ОЧЕРКИ.[1]
НА СТЫКЕ ДВУХ ЭПОХ. ИЗ ВОСПОМИНАНИЙ
ГЛАВА ПЕРВАЯ
ВТОРОЕ РОЖДЕНИЕ
Все жду, кого-нибудь задавит
Взбесившийся автомобиль.
Зевака бледный окровавит
Торцовую сухую пыль.
И с этого пойдет, начнется
Раскачка, выворот, беда,
Звезда на землю оборвется
И станет горькая вода. .
Вл. Ходасевич Из сборника „Тяжелая лира"
Выход из преисподней
Одно из первых впечатлений раннего детства долго преследовало меня. По пыльным улицам города, в котором я родился и вырос, бродил древний обомшелый дедка, с гнусавой шарманкой. Его незамысловатый одноногий ящик уныло выводил в назидание нам, ребятам, еще не подозревавшим о существовании рока:
Судьба играет человеком,
Она изменчива всегда…
Эта шарманочная истина запомнилась неистребимо. Вспыхнула революция, пришли годы разброда, голодовок, расстрелов, виселиц — встав на дыбы, под властной рукой неведомого возницы жизнь взвихренно рванулась и понеслась, нещадно, до смерти колотя своих седоков на бесчисленных ухабах дороги, которой еще нет конца. И ничего не оставалось, как подчиниться этой сумасбродной скачке, отдаться на волю непонятной, непостижимой судьбы.

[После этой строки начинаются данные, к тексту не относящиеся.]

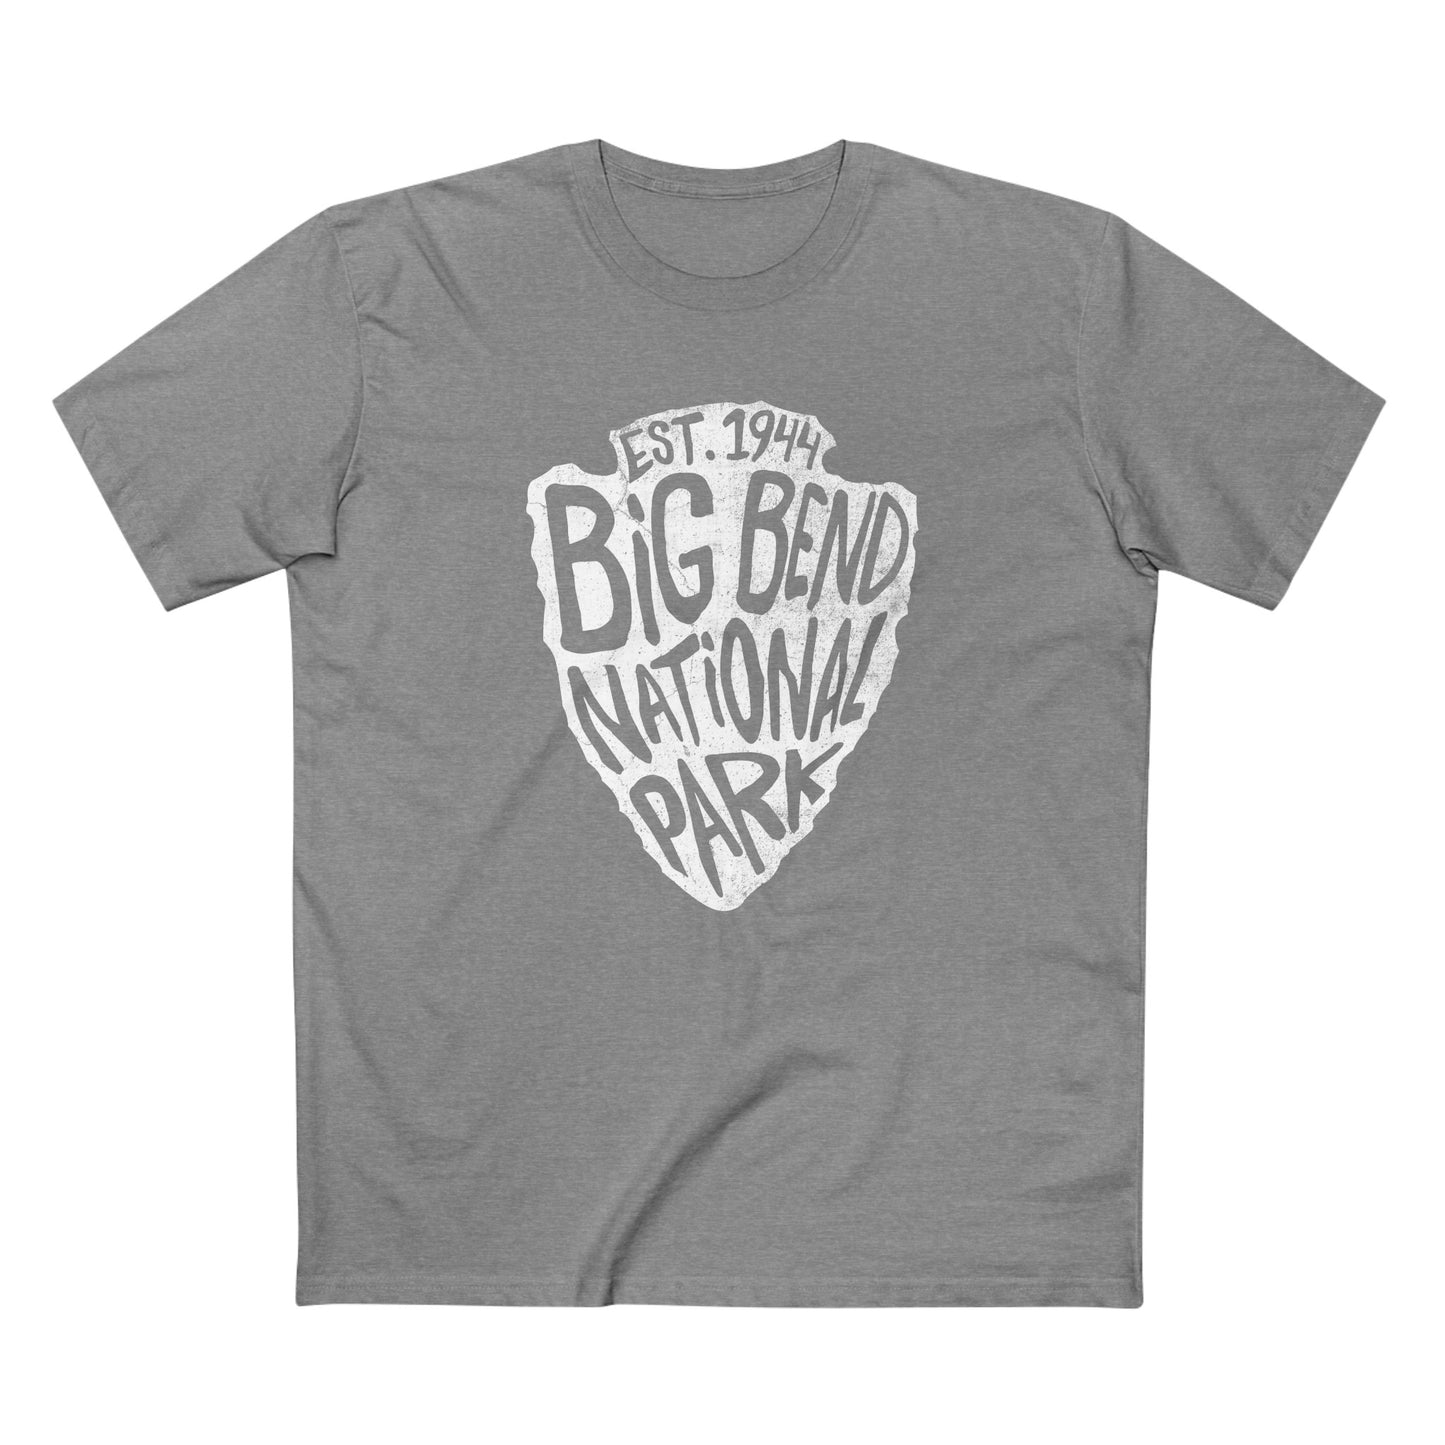 Big Bend National Park T-Shirt - Arrowhead Design

Подхваченный сумасшедшим вихрем, во второй половине двадцатых годов я очутился в концлагере. Шарманочный мотив и там преследовал меня. «Судьба играет человеком» — пели воры, проигравшиеся в пух и прах в карты или посаженные в Карцер за воровство. Знак судьбы был написан на лицах умиравших в концлагере сотнями ни в чем неповинных людей, почему-то выбранных в жертву — кому или чему? Они умирали чаще покорно, безропотно: на ропот уже оное было сил и он был бесполезен, ибо не было у людей другого утешения, как только сказать: на всё судьба!
Помня шарманочный мотив, то выбираясь на поверхность, то сбрасываемый на самый низ, в преисподнюю даже концлагерного бытия, постоянно балансируя на краю жизни и смерти и не раз чудом ускользая от костлявой старухи с косой, даже и не мирясь, в конце концов мирился и я: что ж, такова судьба! Сколько пришлось пережить непостижимых капризов этой злодейки!..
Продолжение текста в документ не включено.